◆ DATA EXTRACT ◆
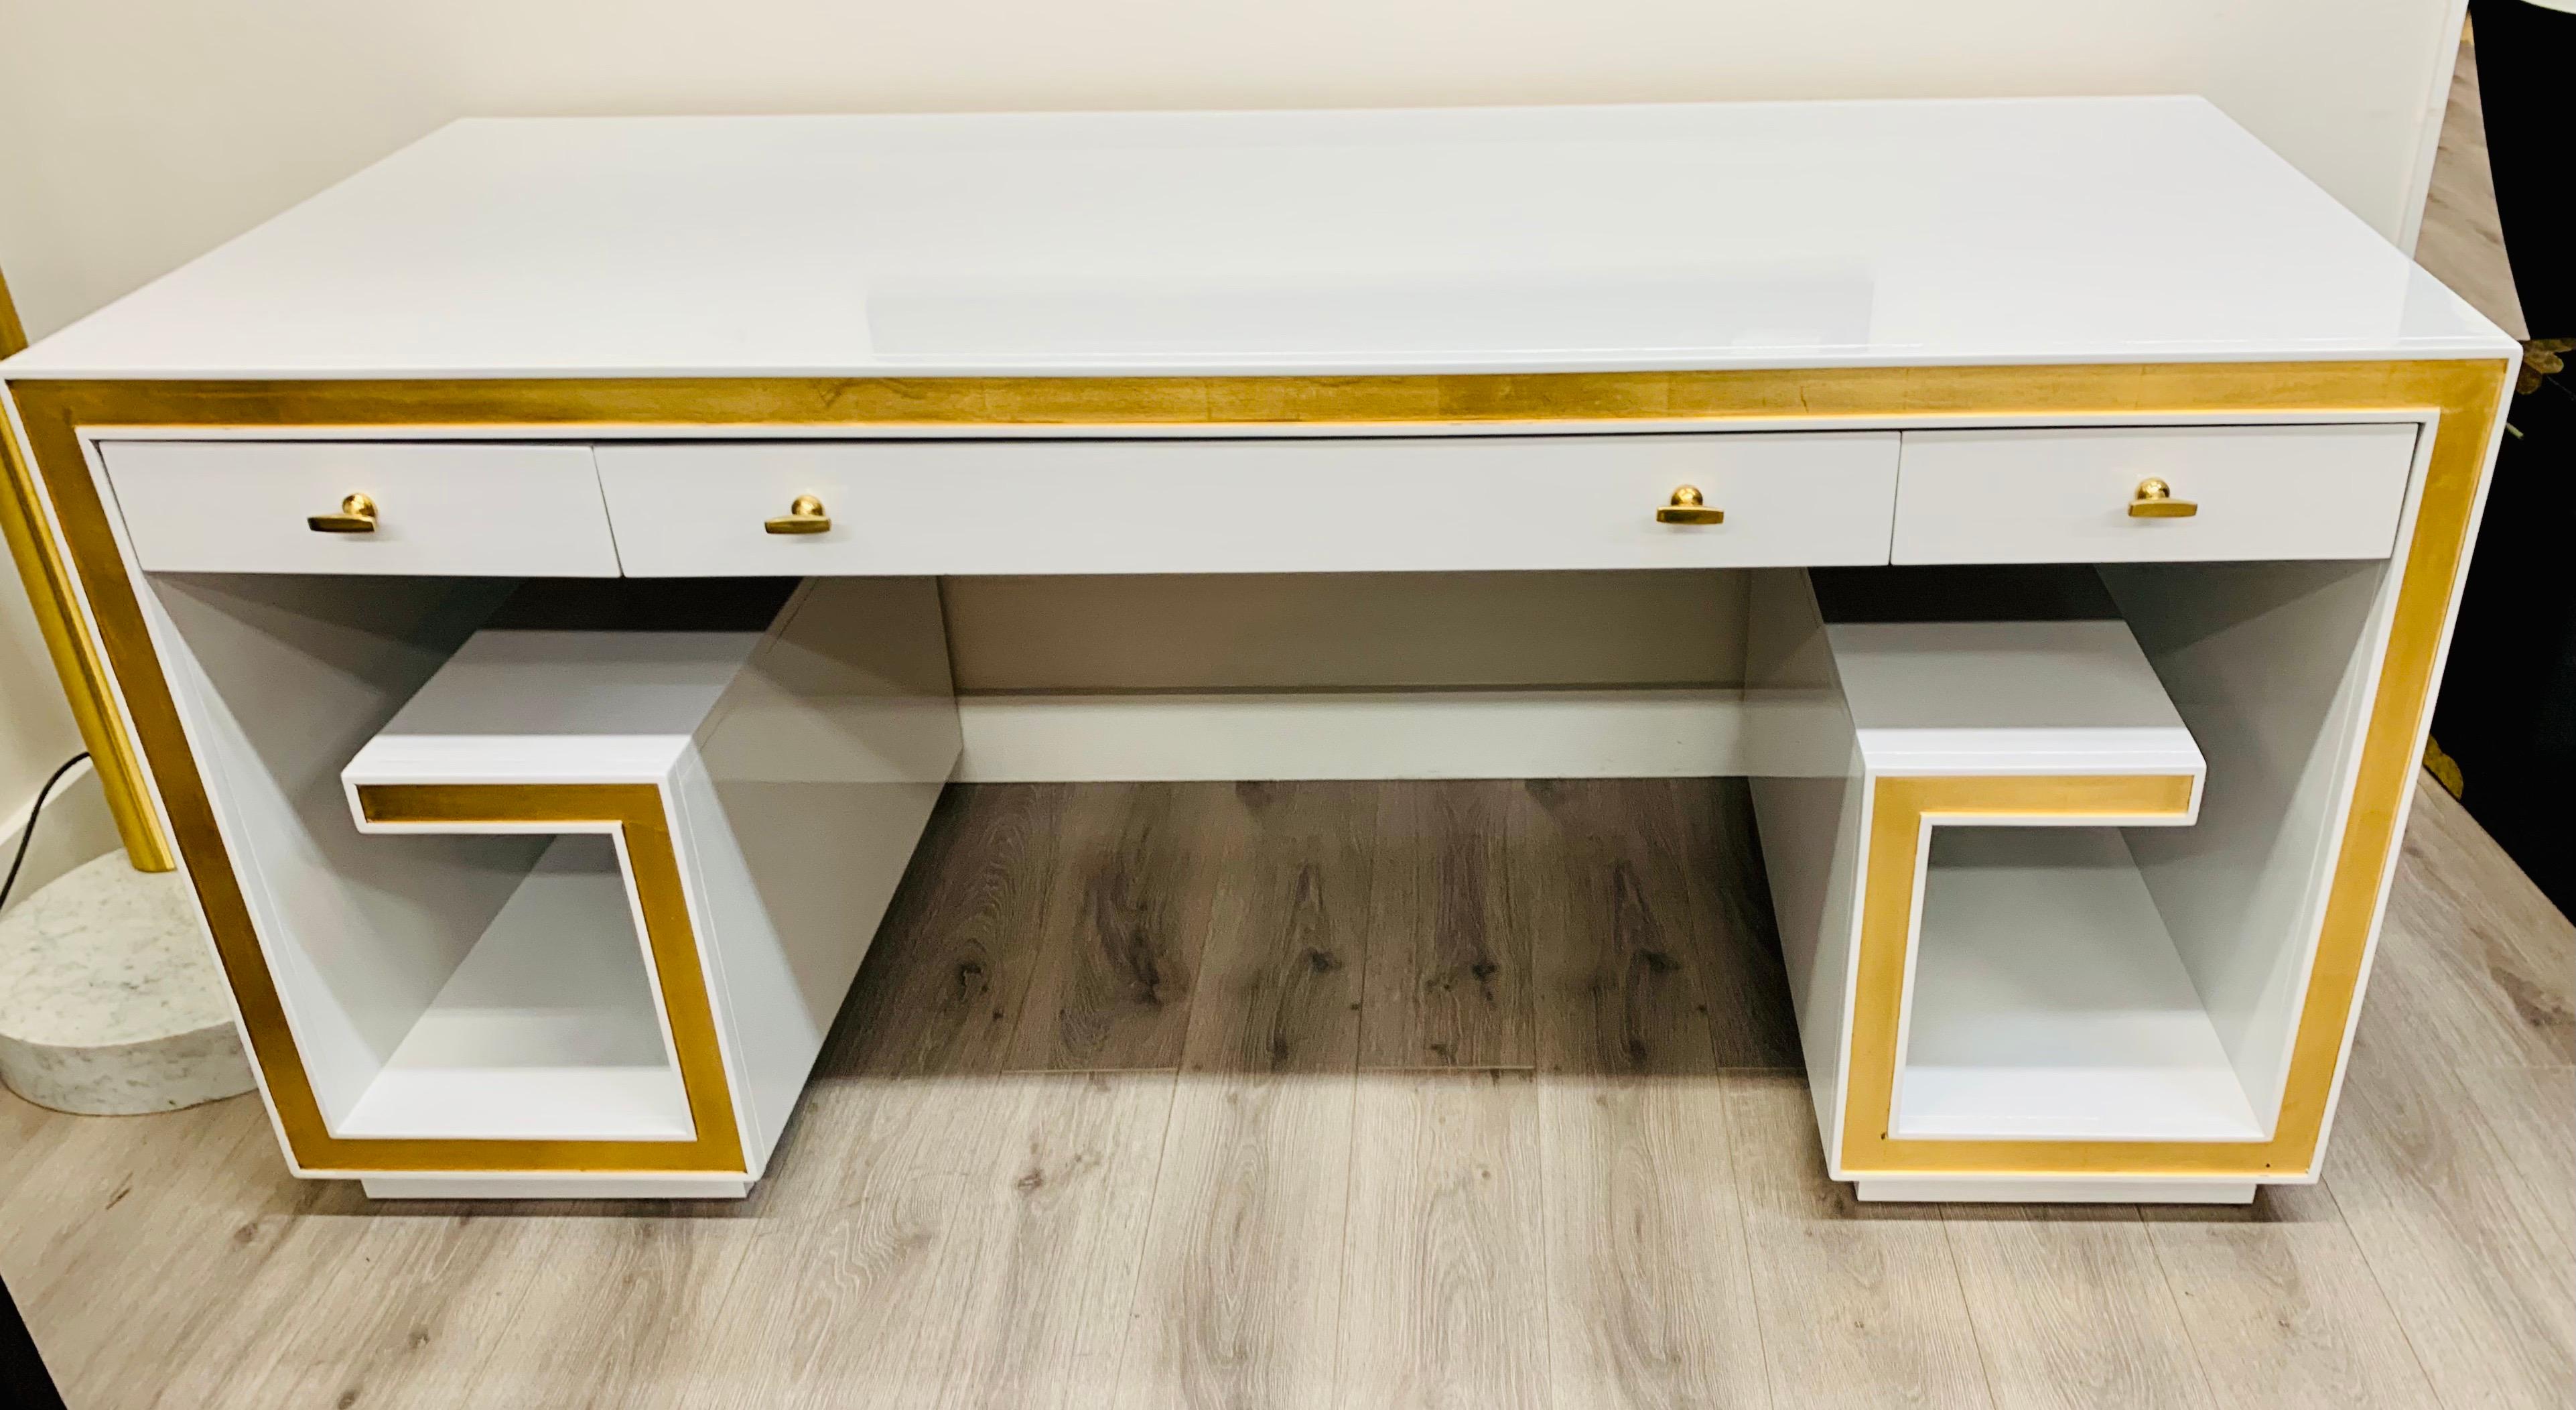 Beautiful three drawer writing desk has been newly lacquered in white with painted gold trim. New brass hardware. Dropfront keyboard drawer in center.
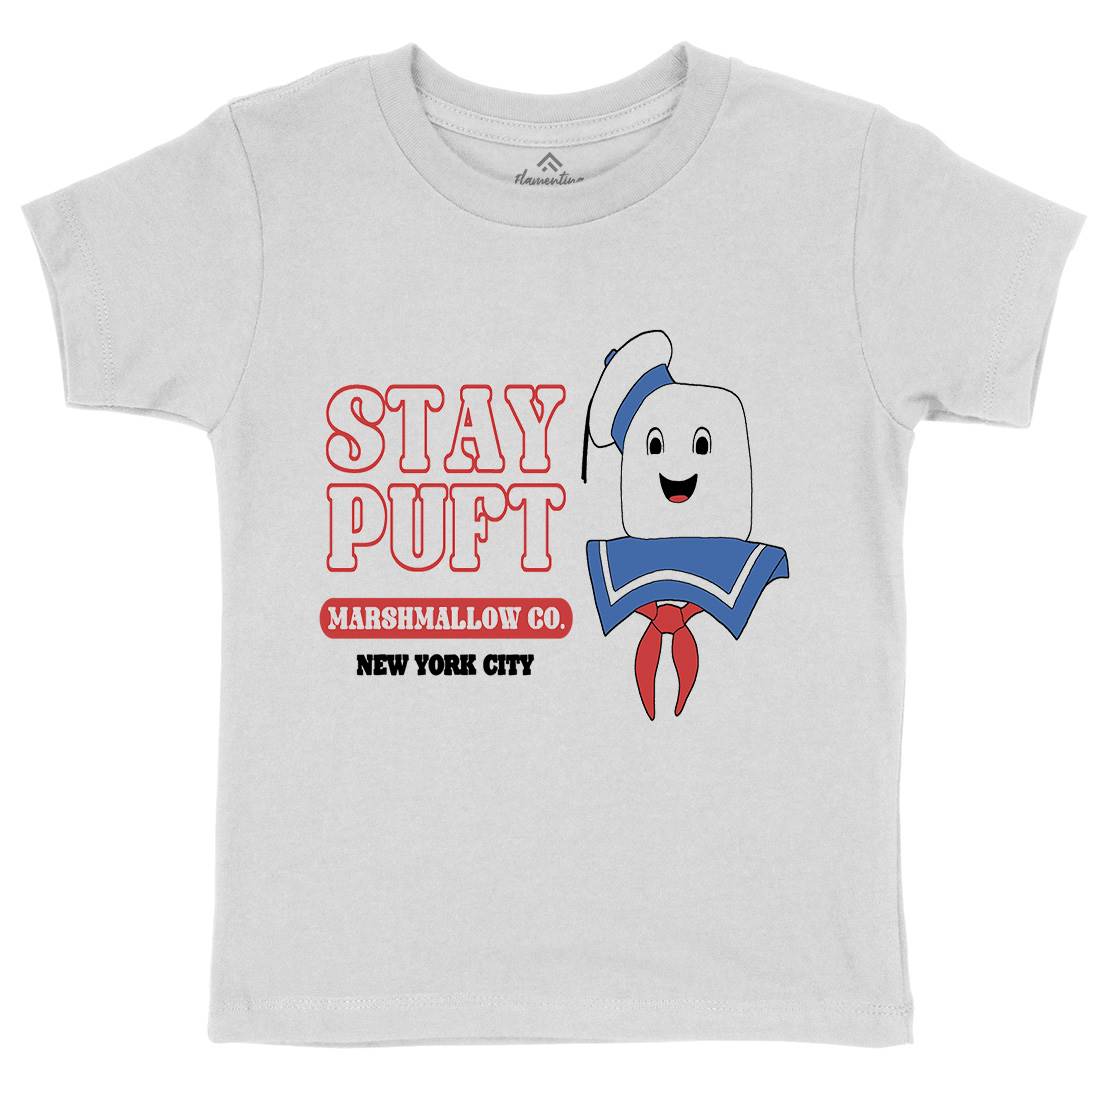 Stay Puft Co Kids Organic Crew Neck T-Shirt Space D141
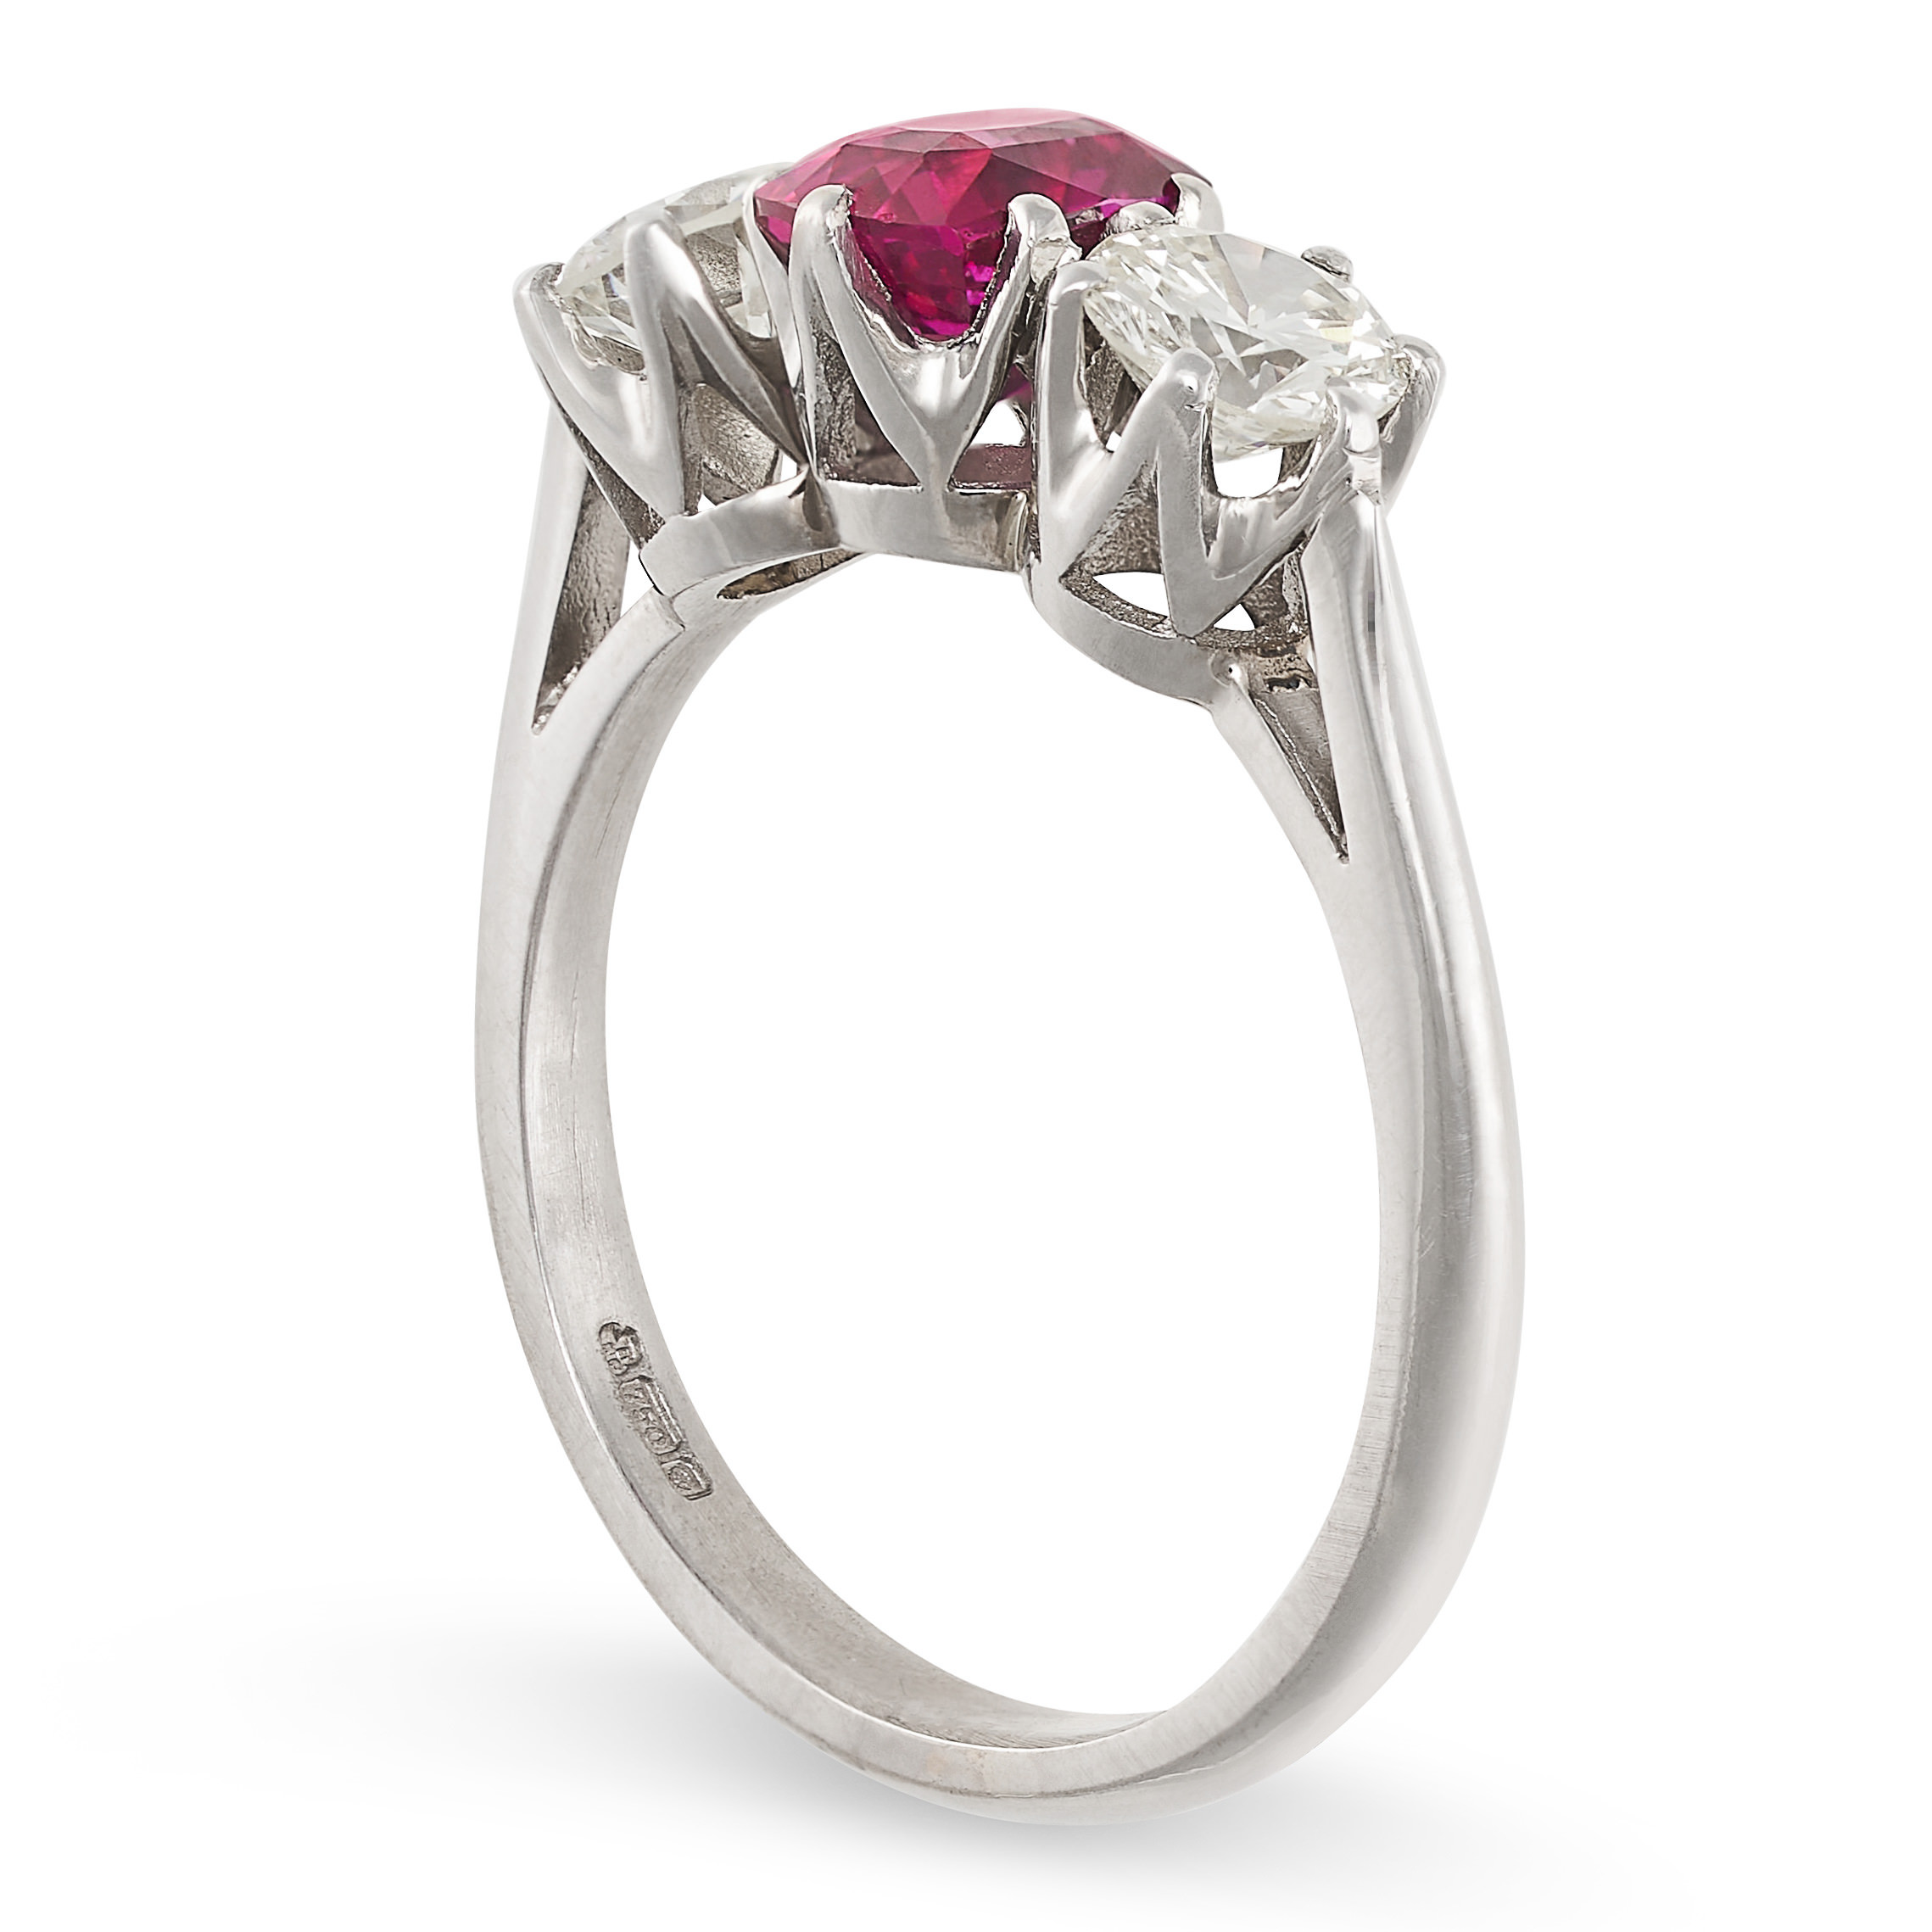 A FINE UNHEATED RUBY AND DIAMOND THREE STONE RING in 18ct white gold, set with a cushion cut ruby of - Image 2 of 2

◆ EXERCISE GOAL ◆
Set down the data above word for word, leaving every picture out.

◆ ANSWER TO THIS PROBLEM ◆
 Beautiful three drawer writing desk has been newly lacquered in white with painted gold trim. New brass hardware. Dropfront keyboard drawer in center.
 Stay Puft Co Kids Organic Crew Neck T-Shirt Space D141
 A FINE UNHEATED RUBY AND DIAMOND THREE STONE RING in 18ct white gold, set with a cushion cut ruby of - Image 2 of 2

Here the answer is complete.